Anxiety & Chronic Worry
Feeling anxious and worrying are part of the human condition, so when do we know it's too much?
Anxiety and worry become too much when it will not leave and it is interfering in enjoying your life. Anxiety can prevent you from living your daily life by keeping you worrying about the future. Your mind may be unable to rest and is constantly busy by thinking of everything that can go wrong. It can be a nagging in your mind about tomorrow, next week, next month, or can be experienced as a fear or phobia. It is often experienced in the body through physical symptoms. It can be a headache that always comes back, an upset stomach, feeling tired, overly stressed, or uncomfortable nervous energy.
It may even make you feel like you have to think of all the possible future problems in order to gain control over it. However, the worrying does not provide you with a sense of relief and is robbing you of feeling at peace, relaxed and able to enjoy the things you used to find pleasure in.
Anxiety is an extremely common problem although it may leave you feeling very alone. Our brains are doing what they are wired to do. They are looking for obstacles and danger in life, however, this can go awry when our mind and body do not realize we are not in real danger. When this happens it shapes our daily thoughts and behaviors, often in a way that reinforces our anxiety. For example, when a parent gives a crying child a candy bar this will alleviate the crying and provide both child and parent with temporary relief. Since this has alleviated stress for both the child and parent, they are both likely to repeat this interaction as the child has learned crying can get candy and the parent has found that candy will alleviate the crying.
Anxiety works off of this same premise. If our behaviors give us the illusion of taking away discomfort we are likely to continue those behaviors and patterns of thinking, even if not conscious to us.
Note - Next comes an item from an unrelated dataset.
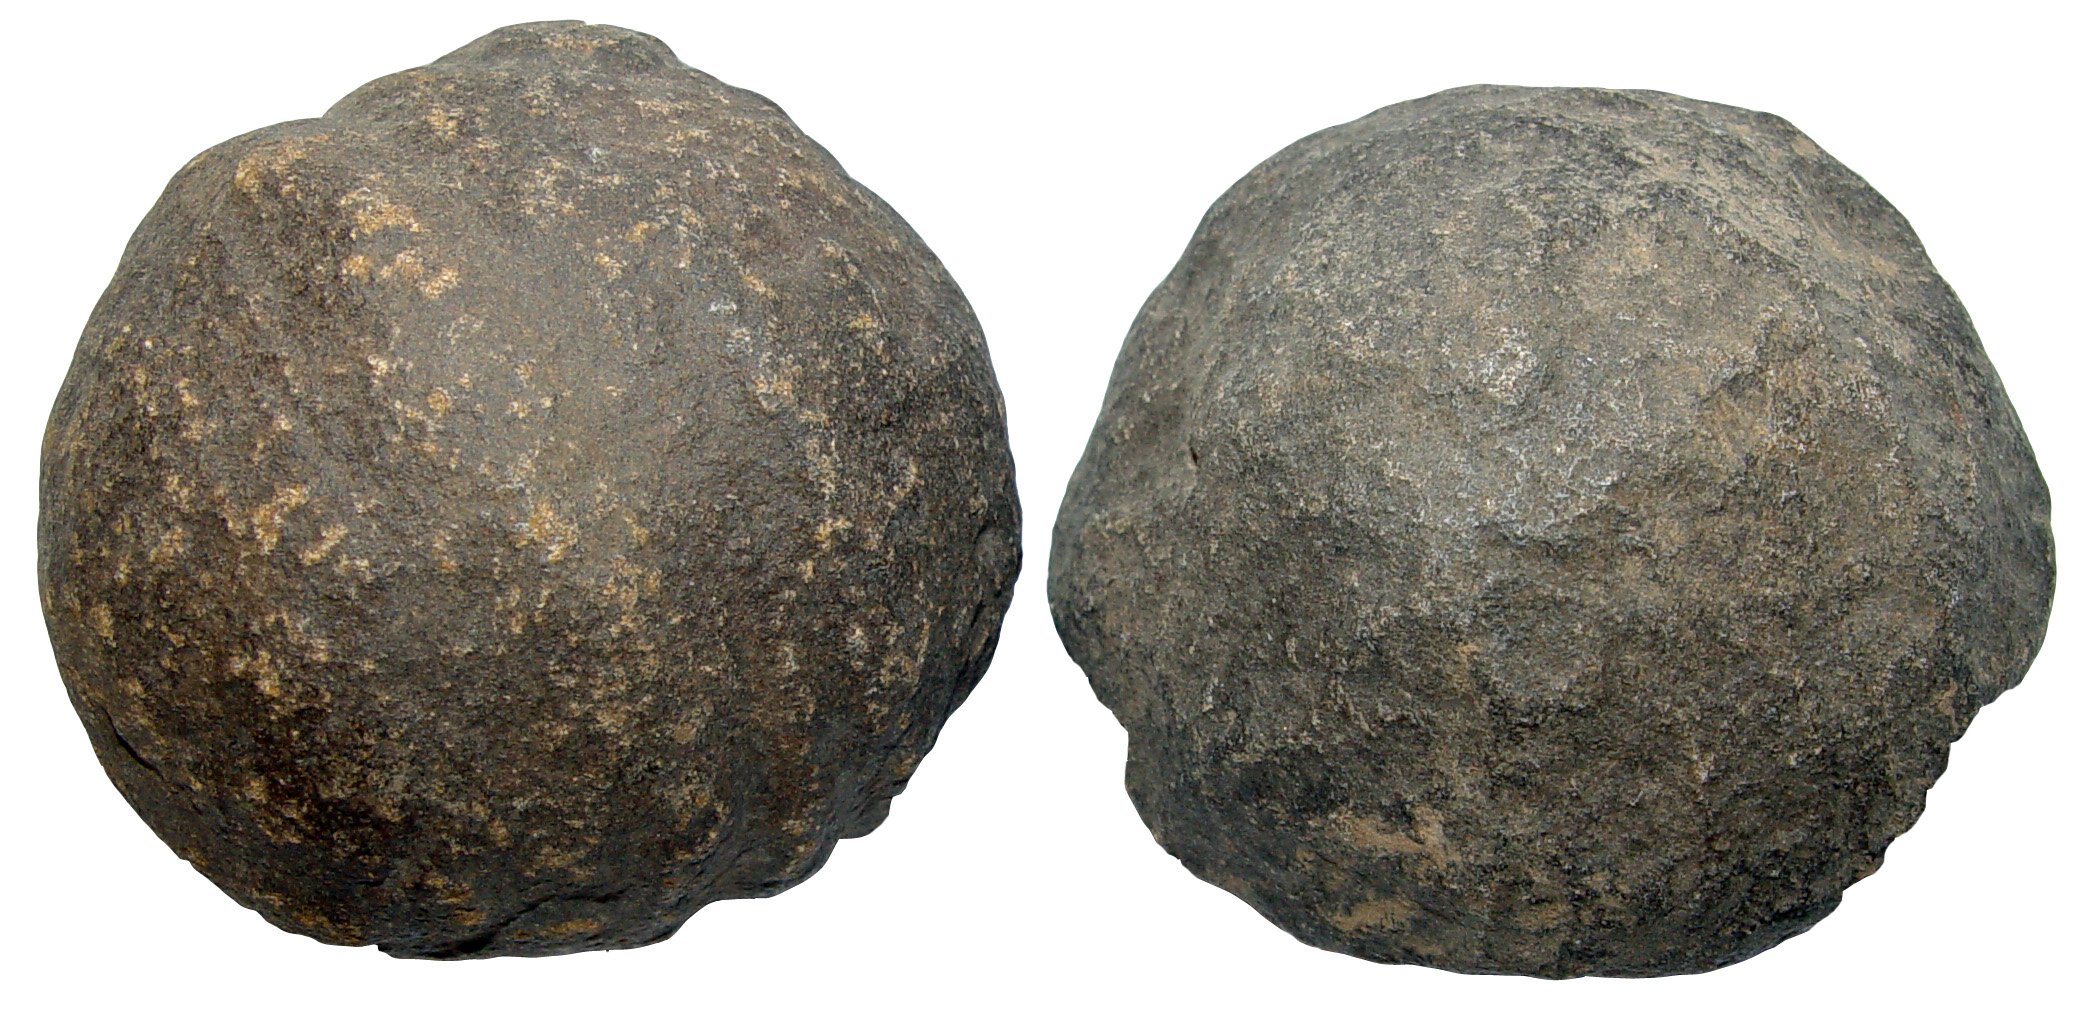 1 Paar Moqui Marbles lebende Steine ca. 30 - 35 mm aus den USA(2246)

If we are nervous about work and call out sick, this teaches our body that calling out sick removes the sense of danger. If we are nervous about socializing with others and cancel our plans, this teaches our body that canceling plans removes the panic and you are likely to repeat this behavior. These seemingly small behaviors to avoid discomfort seem insignificant but over time they can snowball into bigger problems that will affect other areas of your life.
If it's a problem that you can't control, your mind may feel that you must continue to think about the problem to gain a sense of doing something about it mentally.
There is much hope for feeling better and retraining our minds and bodies to work differently so we can begin living our life in a more present, engaged and enjoyable way again.